While you copy the lines below, skip the pictures and keep the rest exact.

[[ Supplied data open ]]

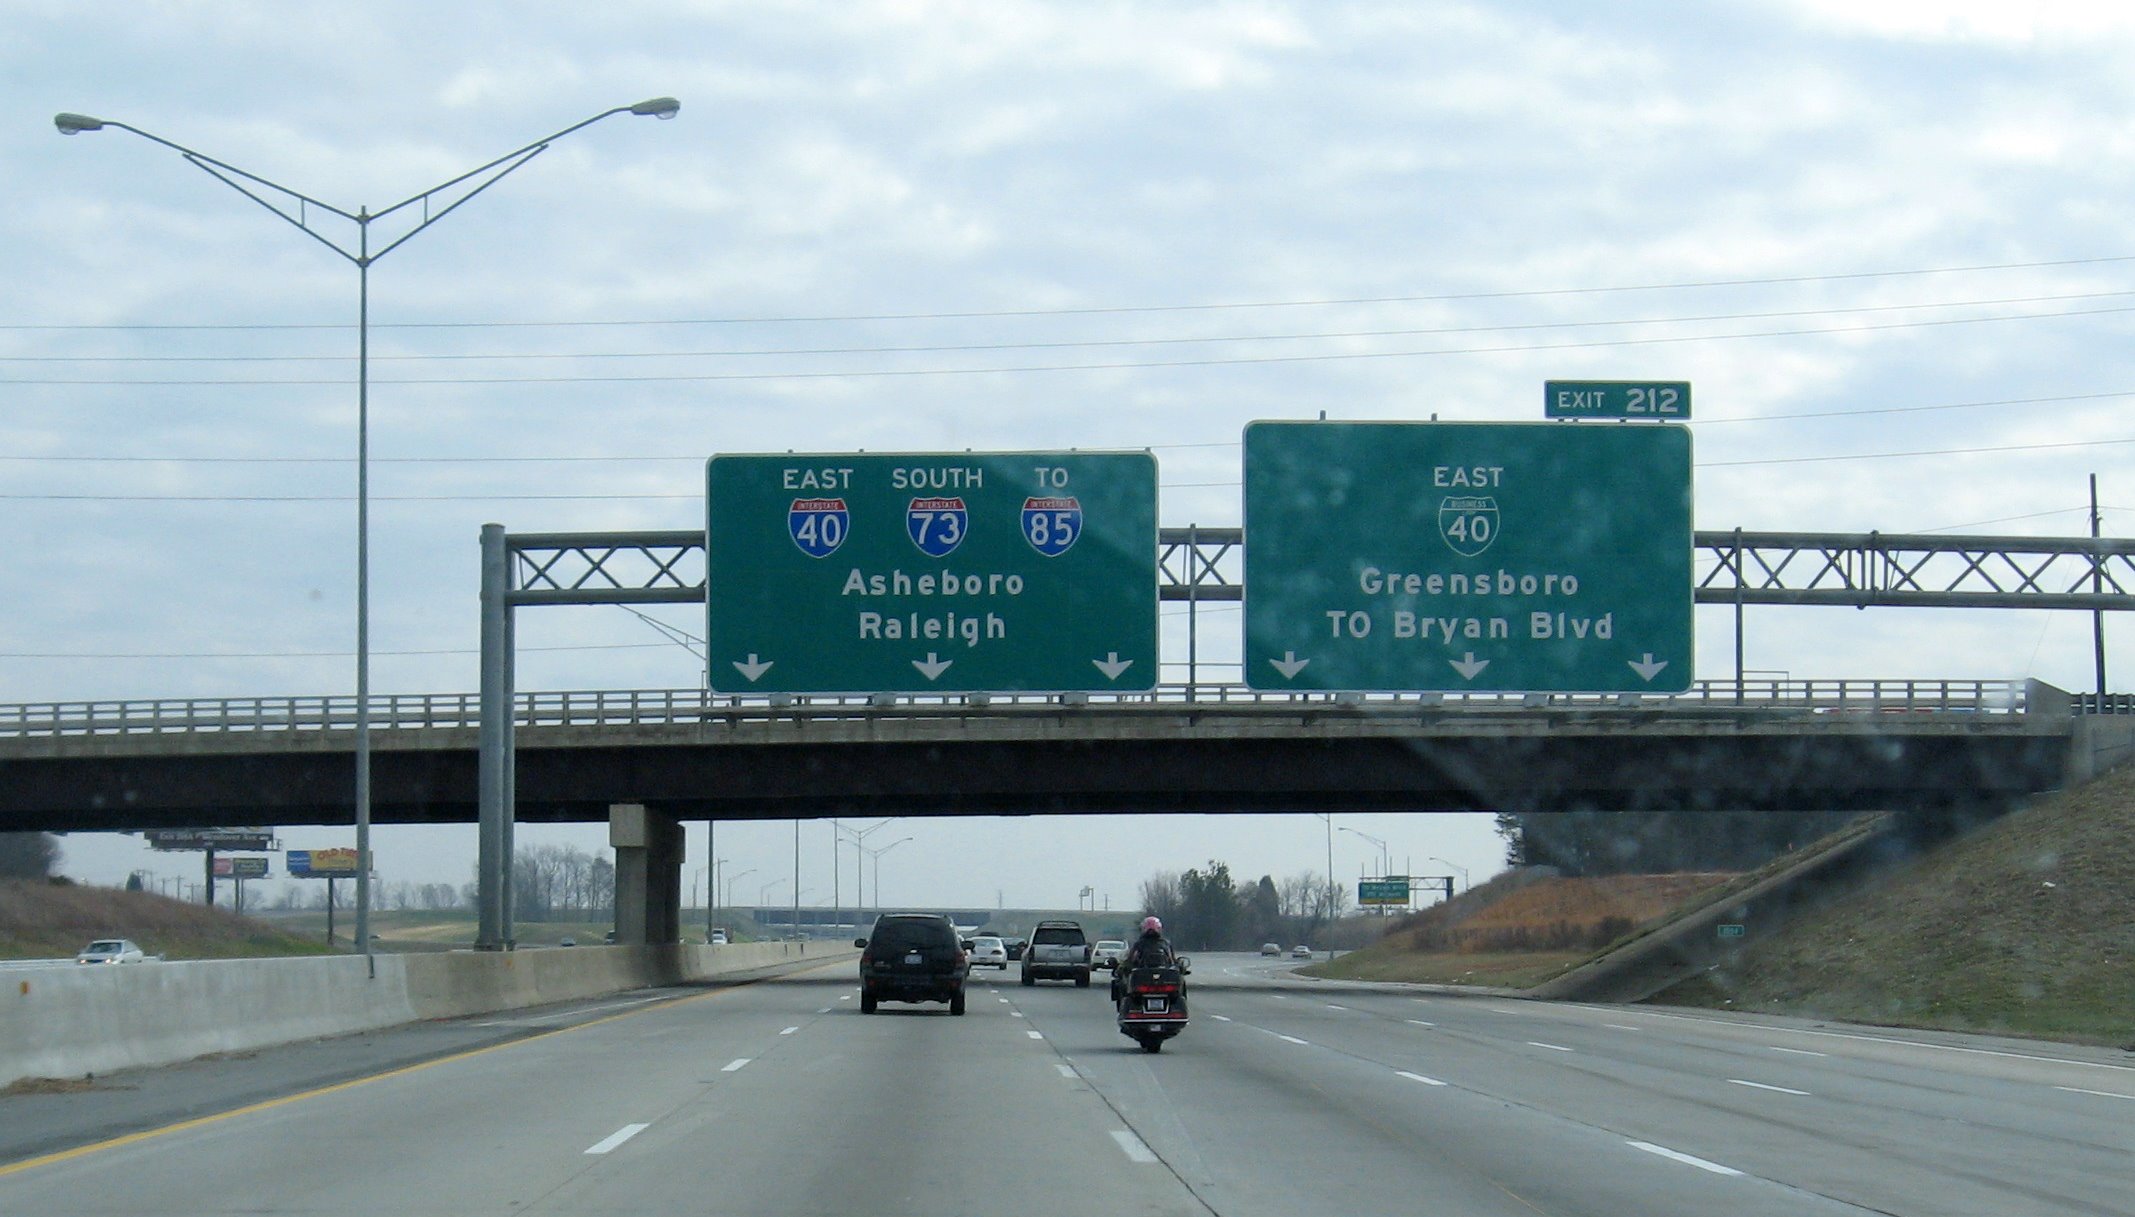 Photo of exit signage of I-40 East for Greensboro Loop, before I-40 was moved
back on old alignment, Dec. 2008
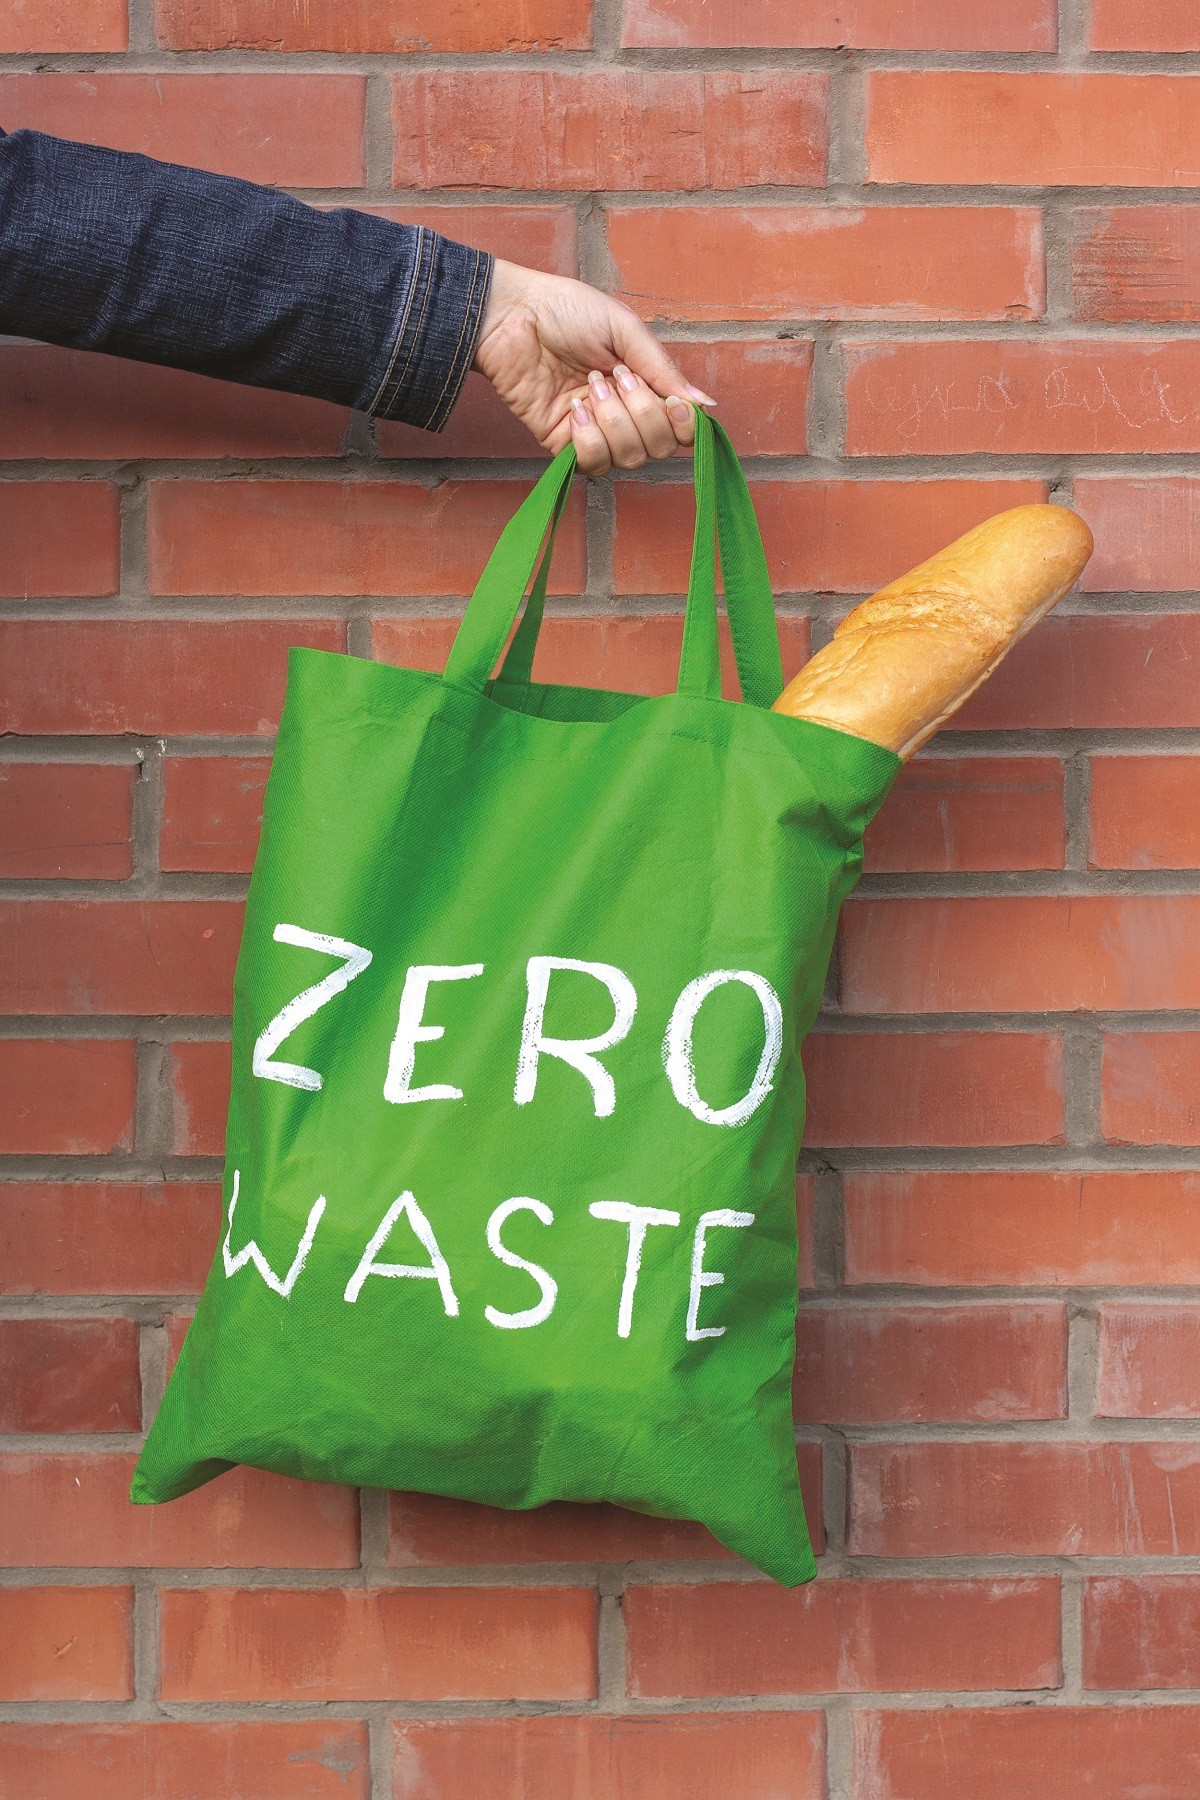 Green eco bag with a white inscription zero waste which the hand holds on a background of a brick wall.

[[ Supplied data closed ]]

- _Response_:
 Photo of exit signage of I-40 East for Greensboro Loop, before I-40 was moved
back on old alignment, Dec. 2008
 Green eco bag with a white inscription zero waste which the hand holds on a background of a brick wall.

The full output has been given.